Some techniques use both labeled and unlabeled data:

  1. Pre-train on large unlabeled dataset (unsupervised)
  2. Fine-tune on small labeled dataset (supervised)

This is called self-supervised pre-training and is how modern LLMs work!

graph LR A["Unlabeled Data<br/>Billions of examples"] --> B["Pre-train<br/>Learn general patterns"] B --> C["Labeled Data<br/>Thousands of examples"] C --> D["Fine-tune<br/>Specialize for task"]

Self-Supervised Learning — Learning from Data Itself

Self-supervised learning creates labels automatically from the data structure.

Examples: - Next-token prediction (LLMs): Mask a word, predict it from context - Image rotation prediction: Rotate image, predict rotation angle - Contrastive learning: Learn that augmented versions of same image are similar

This is how modern AI models (including LLMs) are pre-trained!


Why use unsupervised learning if supervised is more direct?

Supervised learning requires expensive labeling. Unsupervised lets you learn patterns from raw data. Also, unsupervised can discover surprising patterns humans didn't anticipate. Many real-world systems combine both.
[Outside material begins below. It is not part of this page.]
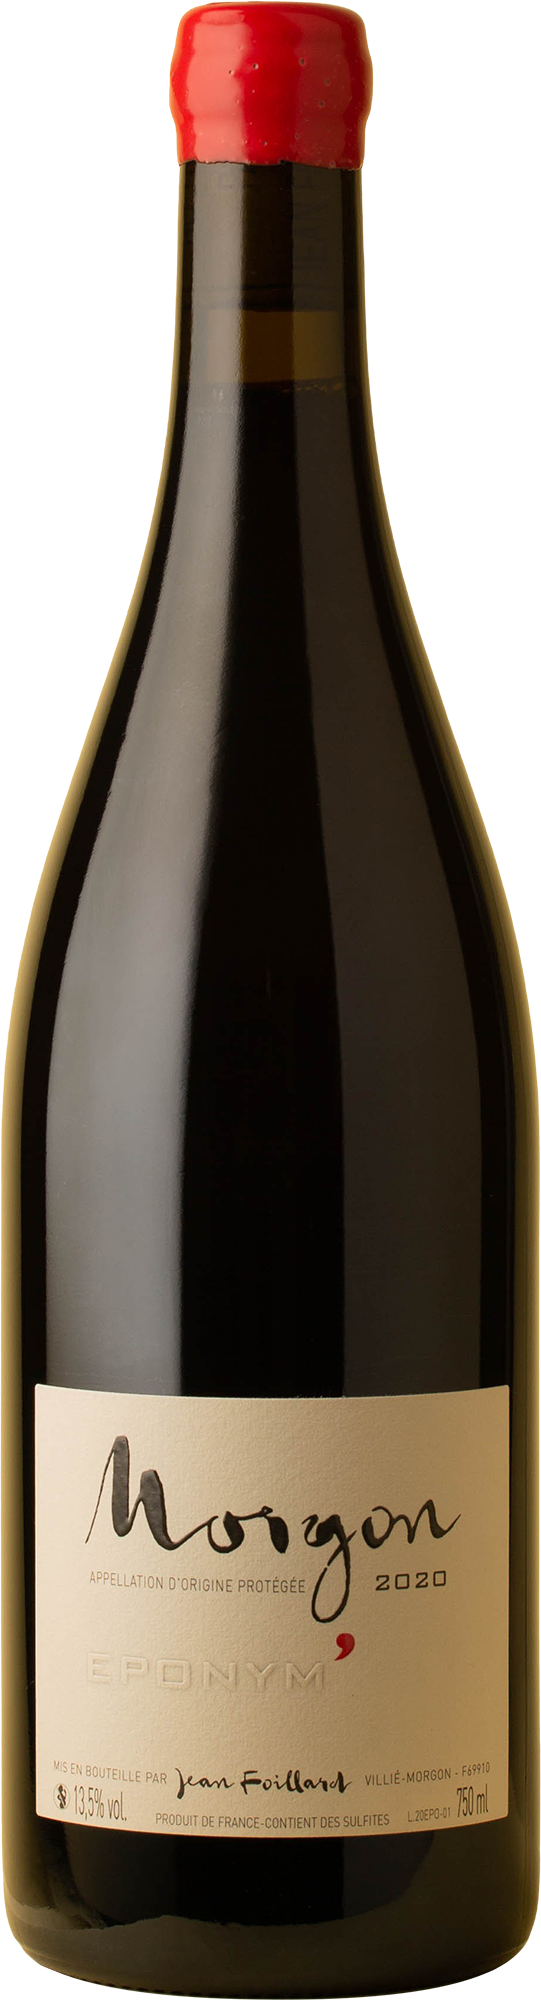 Jean Foillard - Morgon Eponym Charmes Gamay 2020 Red Wine

How do I know if my clustering is good without labels?

Use metrics like Silhouette Score (how tightly grouped clusters are) or Davies-Bouldin Index (cluster separation). Or manually inspect clusters to see if they make intuitive sense.

Can I use unsupervised learning for prediction?

Not directly. Unsupervised finds patterns but doesn't predict a specific output. However, you can use unsupervised as a preprocessing step (e.g., cluster first, then use cluster membership as a feature for supervised learning).